_Exercise requirements_.
Every picture should be left out, but the lines below must be repeated exactly.

_Information provided_.
══════════════════════════════

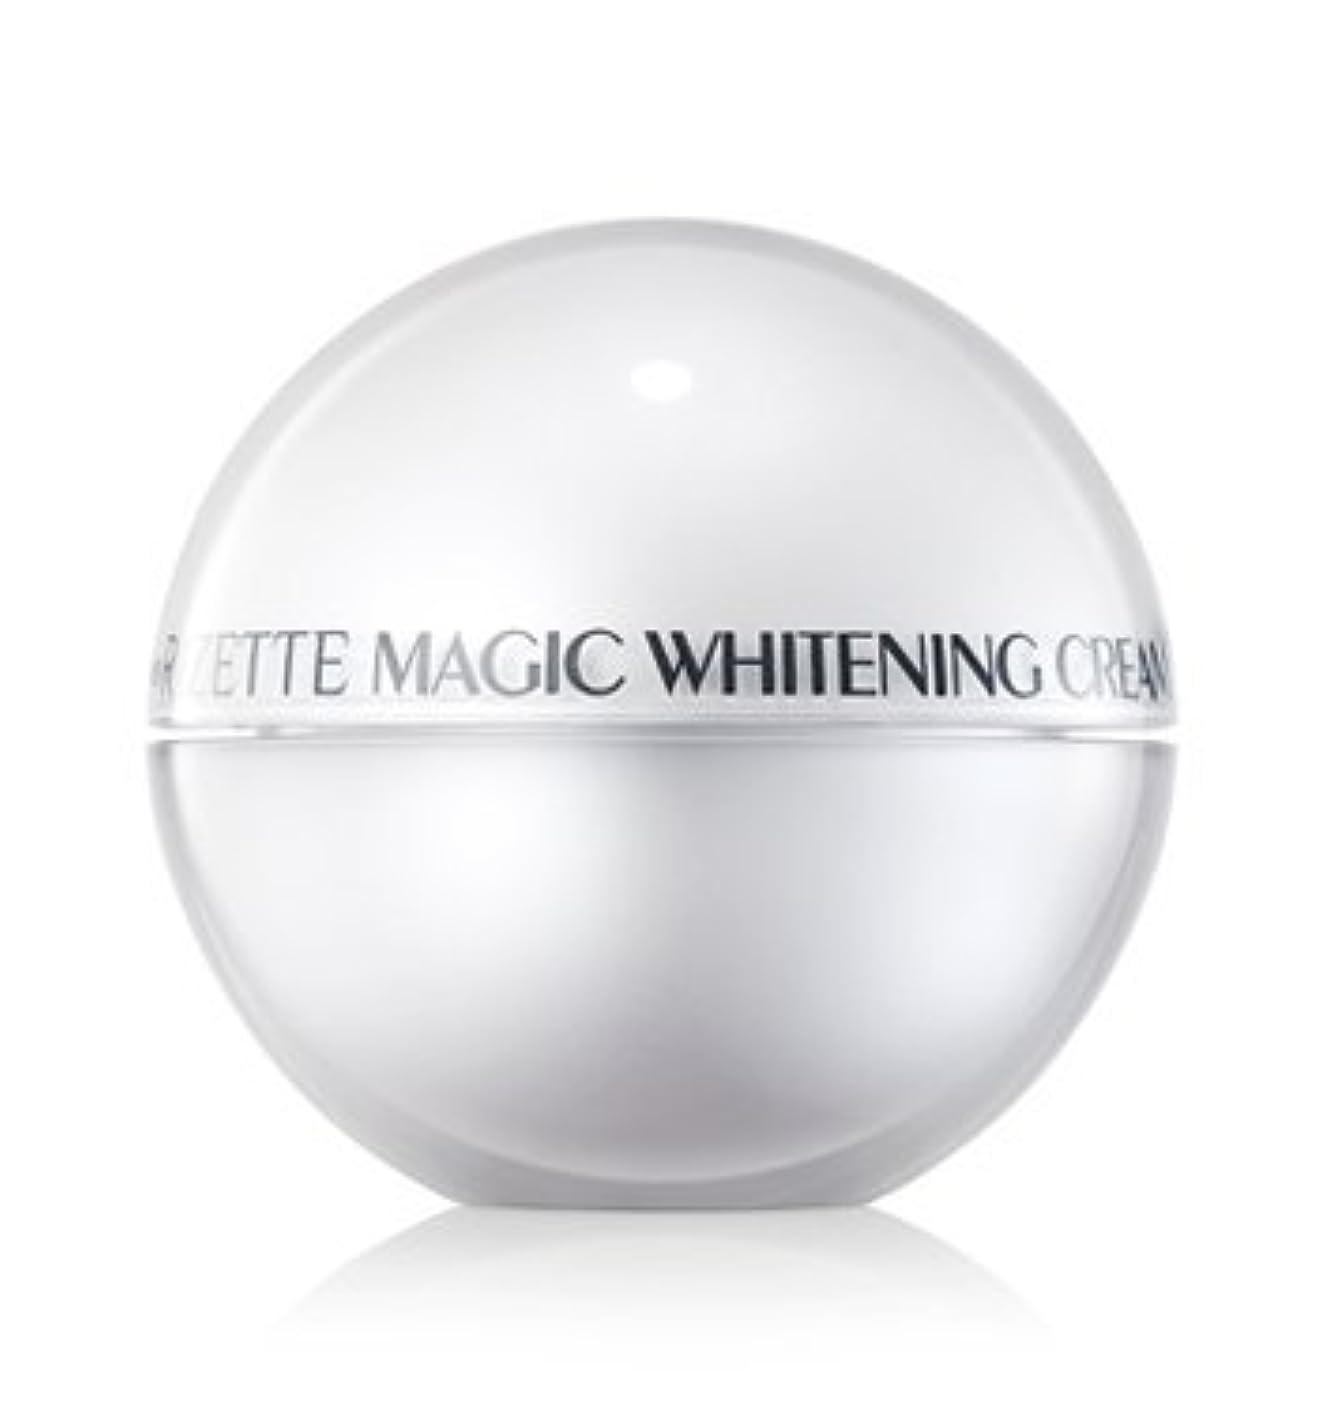 さておき政治的不道徳リオエリ(Lioele) Rizette マジック ホワイトニング クリーム プラス/ Lioele Rizette Magic Whitening Cream Plus[並行輸入品]
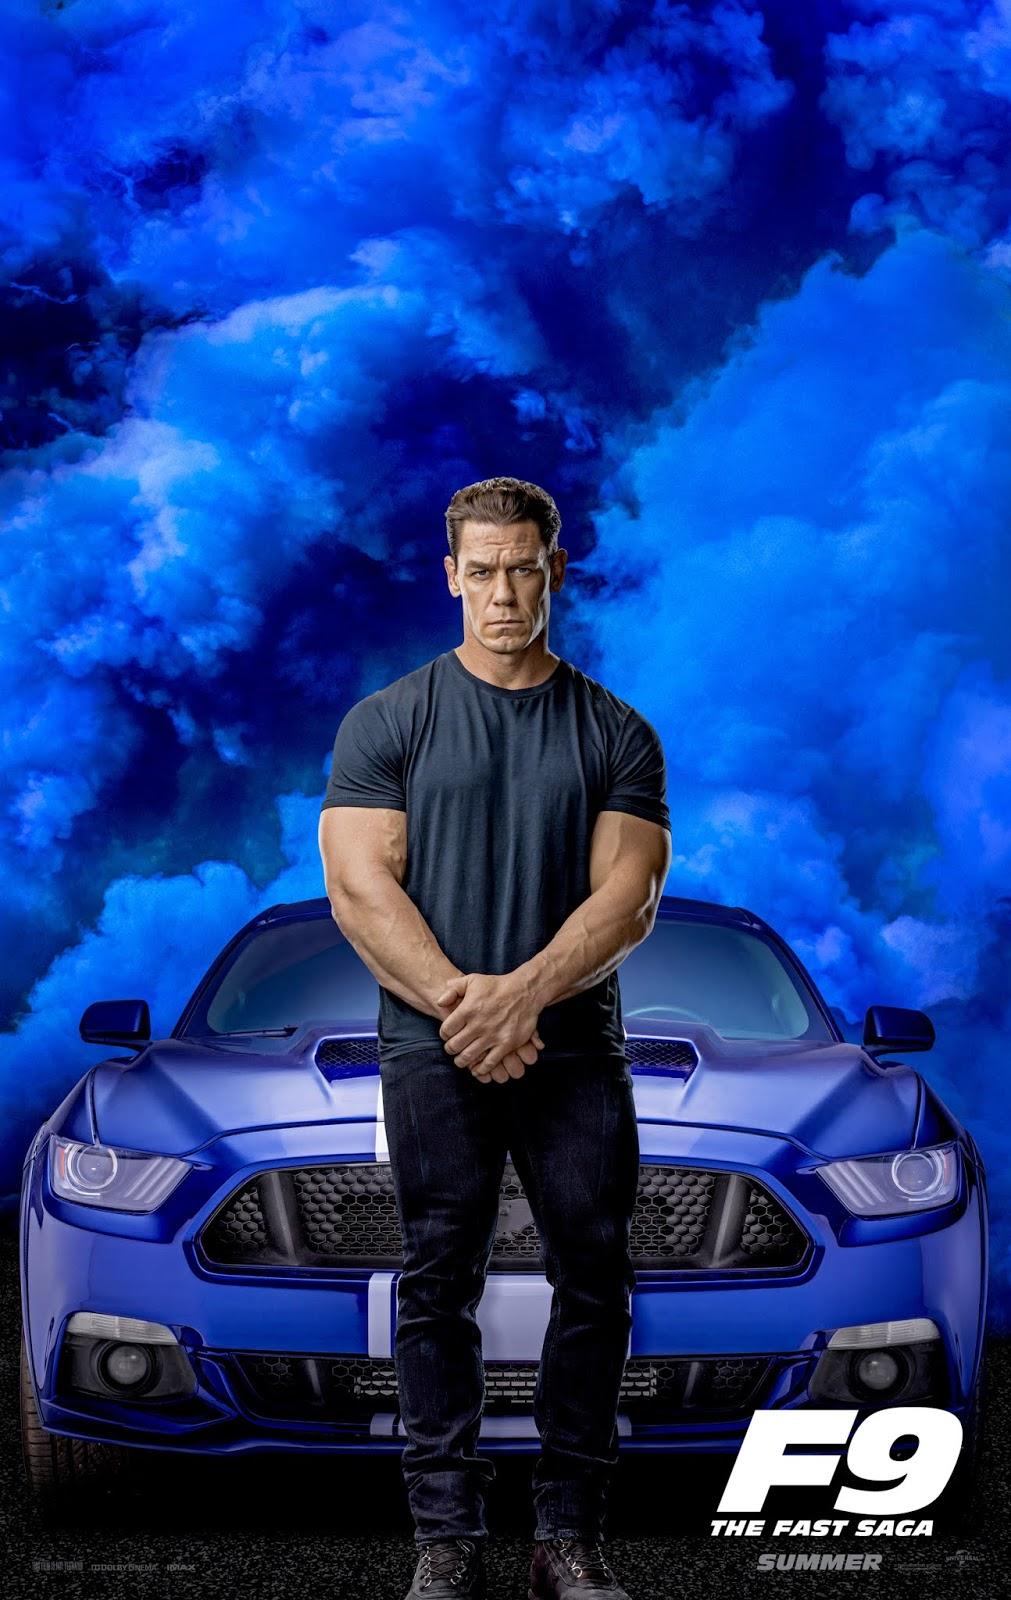 John Cena - Fast and Furious 9
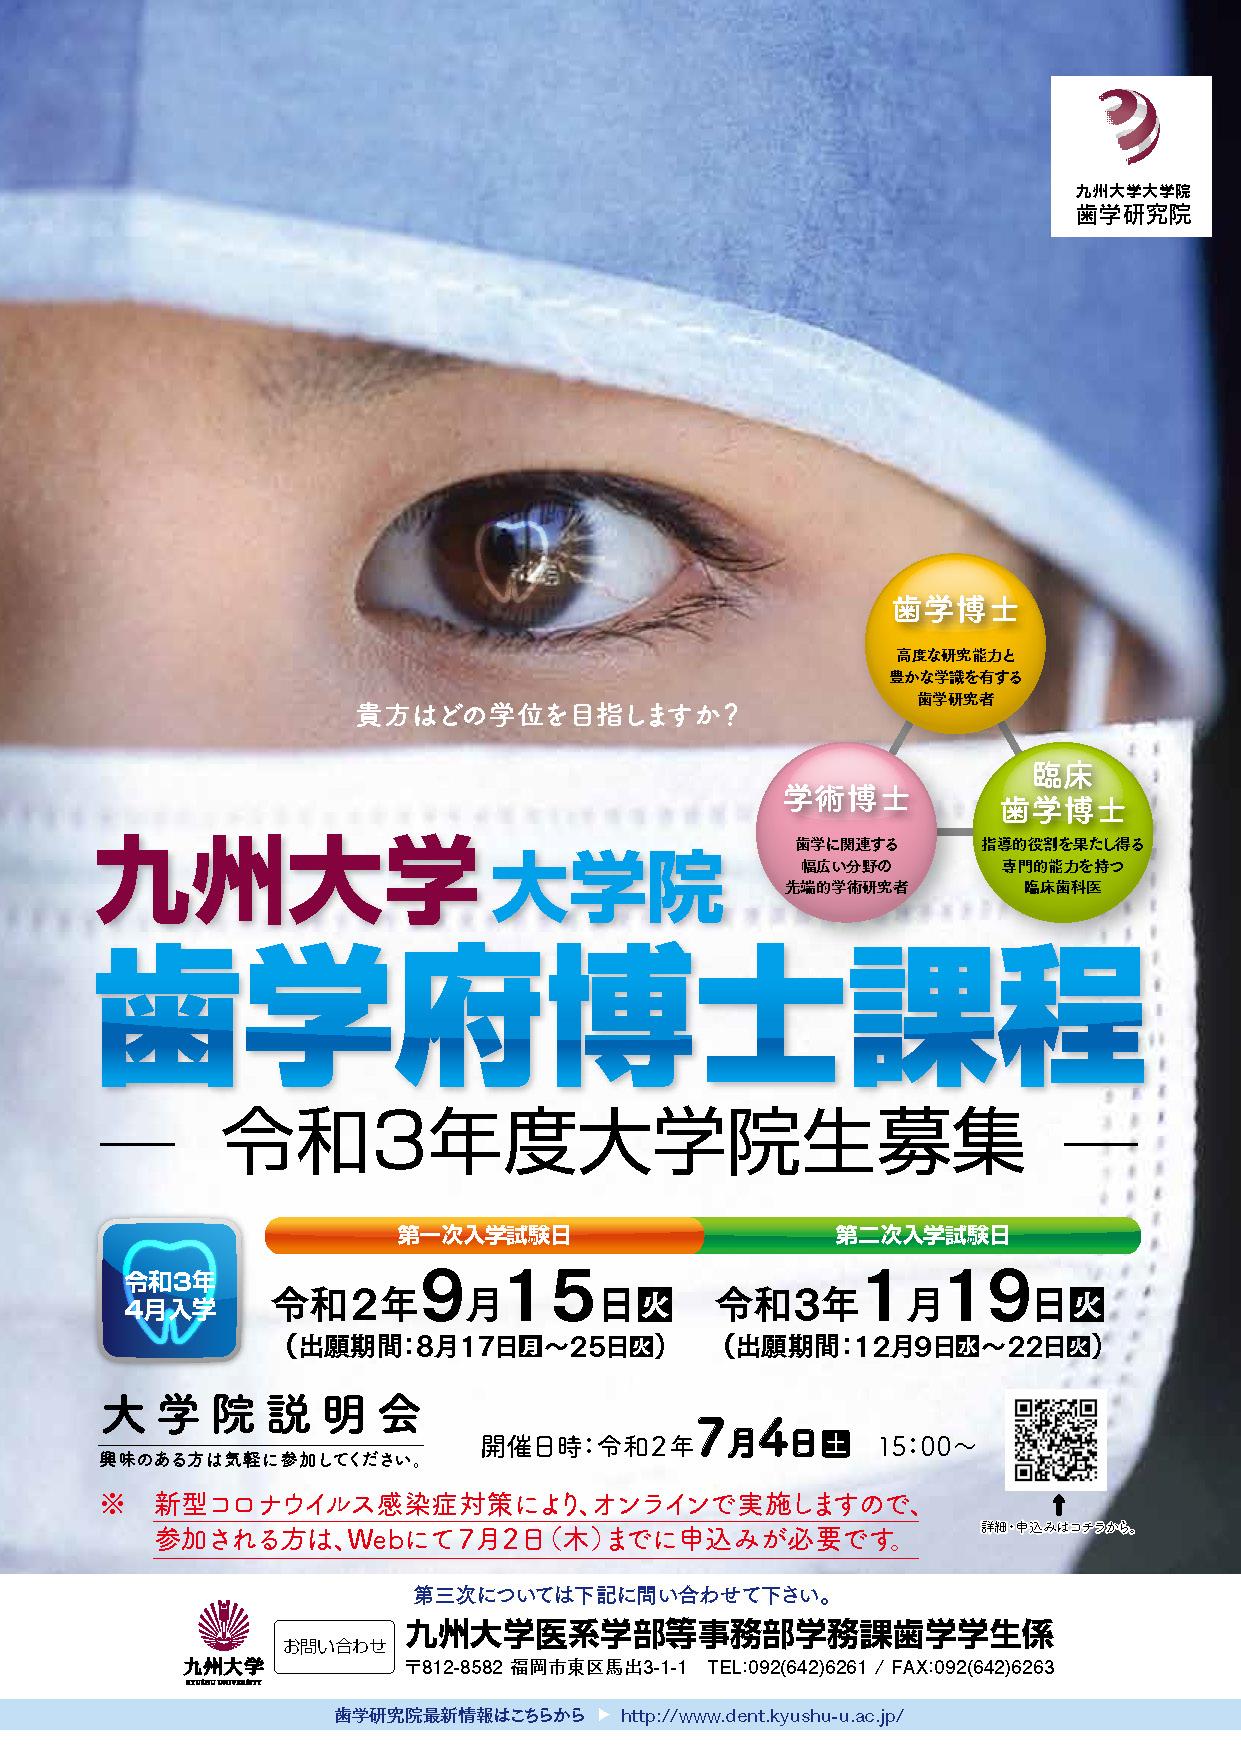 九州大学大学院歯学府博士課程 令和2年度大学院生募集
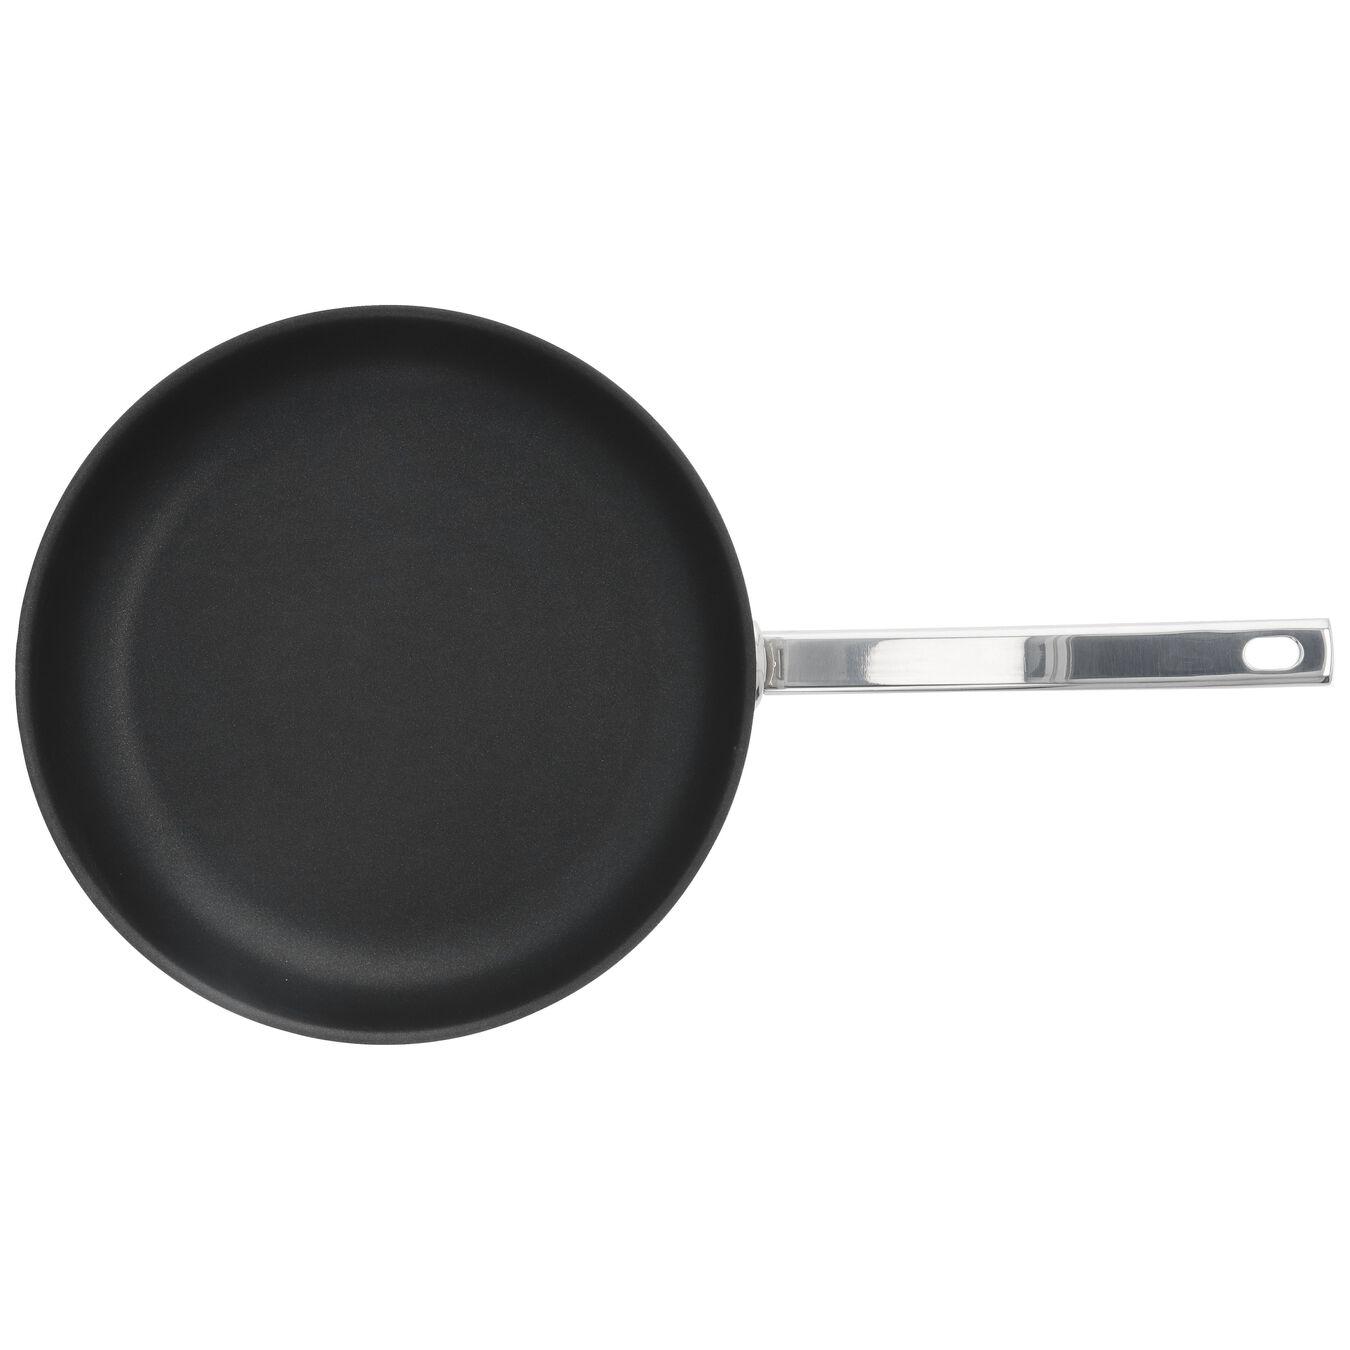 Koekenpan Zilver-zwart 28 cm,,large 5

══════════════════════════════

_Completed exercise_.
 さておき政治的不道徳リオエリ(Lioele) Rizette マジック ホワイトニング クリーム プラス/ Lioele Rizette Magic Whitening Cream Plus[並行輸入品]
 John Cena - Fast and Furious 9
 九州大学大学院歯学府博士課程 令和2年度大学院生募集
 Koekenpan Zilver-zwart 28 cm,,large 5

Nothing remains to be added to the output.